Sad lessons from torture report

Sen. Al Franken sums it up best: He issued the following statement after the release of the Senate Intelligence Committee's so-called "torture report" on the CIA's interrogation program:...

Sen. Al Franken sums it up best: He issued the following statement after the release of the Senate Intelligence Committee’s so-called “torture report” on the CIA’s interrogation program:

“This report is a sobering reminder that torture is immoral, and it’s not who we are. We are a country that owns up to its own failures, and we need to ensure that this never happens again,” Franken said.

“Torture is torture, and it is wrong. But it’s also ineffective. As this report demonstrates, the CIA’s coercive tactics were not effective in producing the kinds of accurate intelligence we need to aid our national security interests. And the report documents ways that their use was counterproductive.

“I want to commend Sen. Dianne Feinstein and the staff of the Senate Intelligence Committee for their tenacious work in compiling this report, and for making certain that it saw the light of day.
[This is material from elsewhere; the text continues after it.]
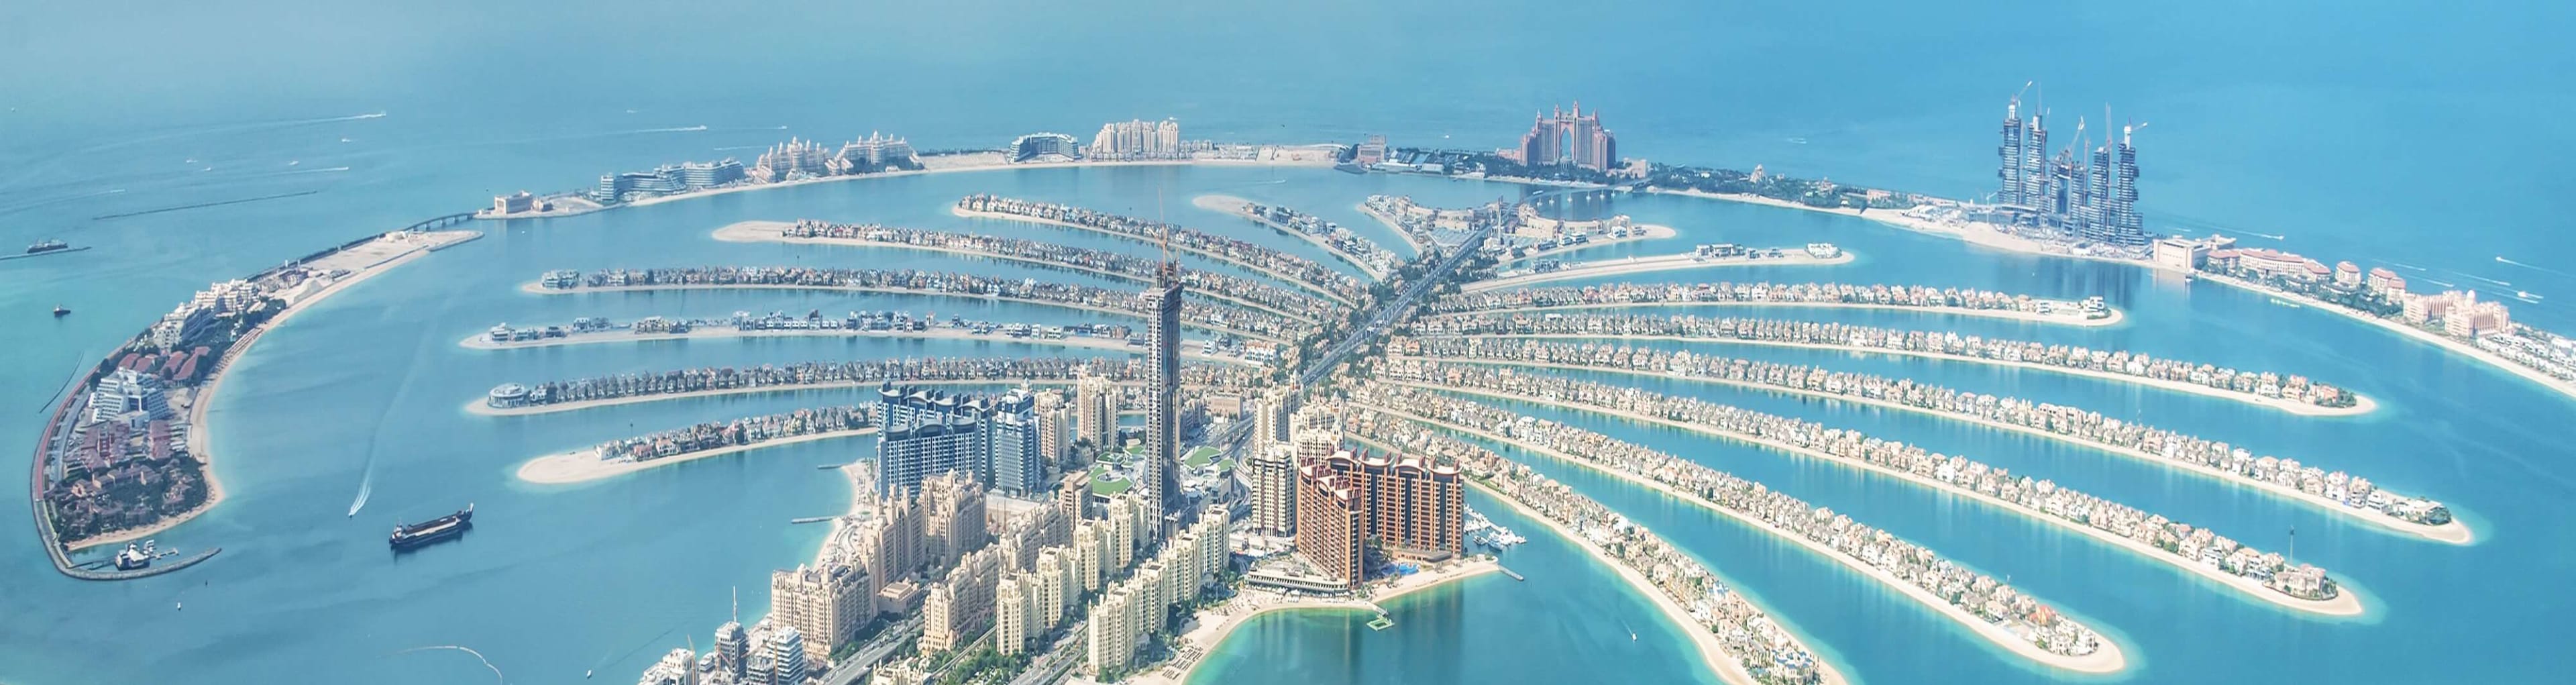 Aerial shot of the Palm Jumeirah Dubai

The CIA has not been honest with Congress or the public, and I believe the American people have a right to know what’s done in their name.”

The Senate Intelligence Committee spent five years reading and analyzing more than 6.3 million pages of CIA documents to assess the CIA’s use of “enhanced interrogation techniques” in the post-9/11 era.
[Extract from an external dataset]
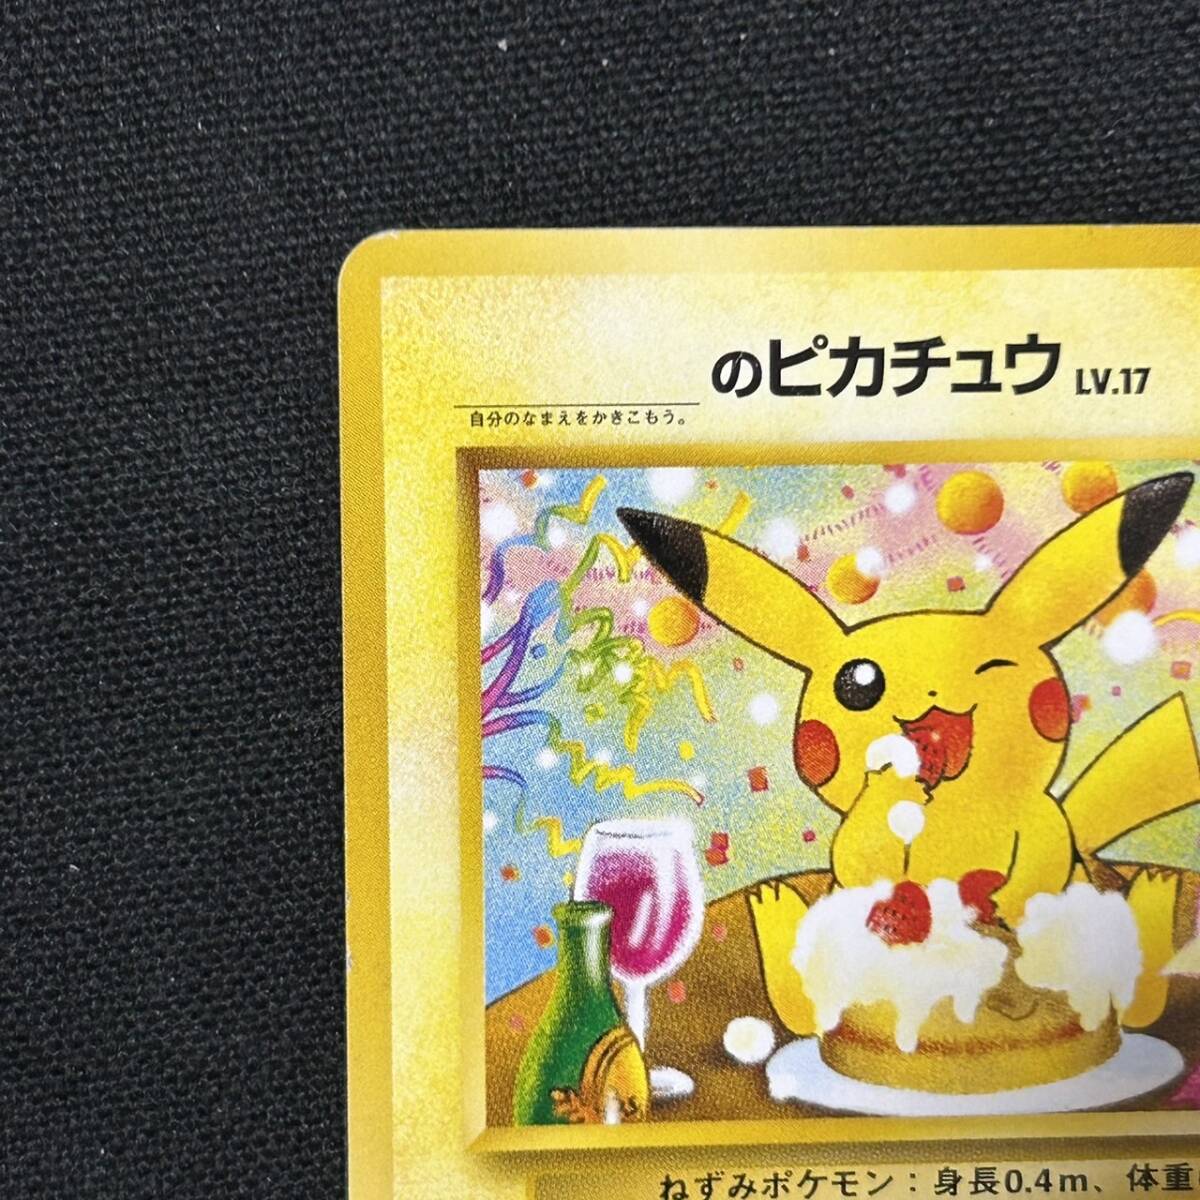 o...... Пикачу _. Пикачу LV.17 старый задняя поверхность Pokemon карта стал разделение No.025 6 шт промо 1 иен старт

That review produced a more than 6,000 page review that was condensed into a 525-page summary the committee released Tuesday that delivered a brutal assessment of the CIA’s practices.

According to the New York Times, here are the report’s biggest conclusions and revelations:

1. “Enhanced interrogation: includes torture: Feinstein, President Obama and Sen. John McCain, who was himself tortured as a POW during the Vietnam War, said that the harsh interrogations described in the report amount to torture.

2. Torture doesn’t work very well: “The use of the CIA’s enhanced interrogation techniques was not an effective means of obtaining accurate information,” according to the Senate Intelligence Committee report.

The report debunks the top 20 examples the CIA has used to defend the now-shuttered enhanced interrogation program, claiming that each of the examples “was found to be wrong in fundamental respects.”

3. Torture did not help the CIA find Osama bin Laden: The CIA continues to claim that coercive interrogations were crucial to capturing Osama bin-Laden, but the Senate report concludes that the most “accurate” CIA information that led to bin Laden’s capture came from a detainee before the detainee was tortured.

4. One prisoner died, apparently from hypothermia, after being chained, nearly naked, to a concrete floor

The report shows how the CIA employed sleep deprivation to wear down victims: It “involved keeping detainees awake for up to 180 hours, usually standing or in stress positions, at times with their hands shackled above their heads.”


Other techniques included “rectal rehydration,” “ice water “baths,” and threats against the prisoners’ families.

Don’t think it amounts to torture? How would you feel if you were accused of being a terrorist and these things were done to you?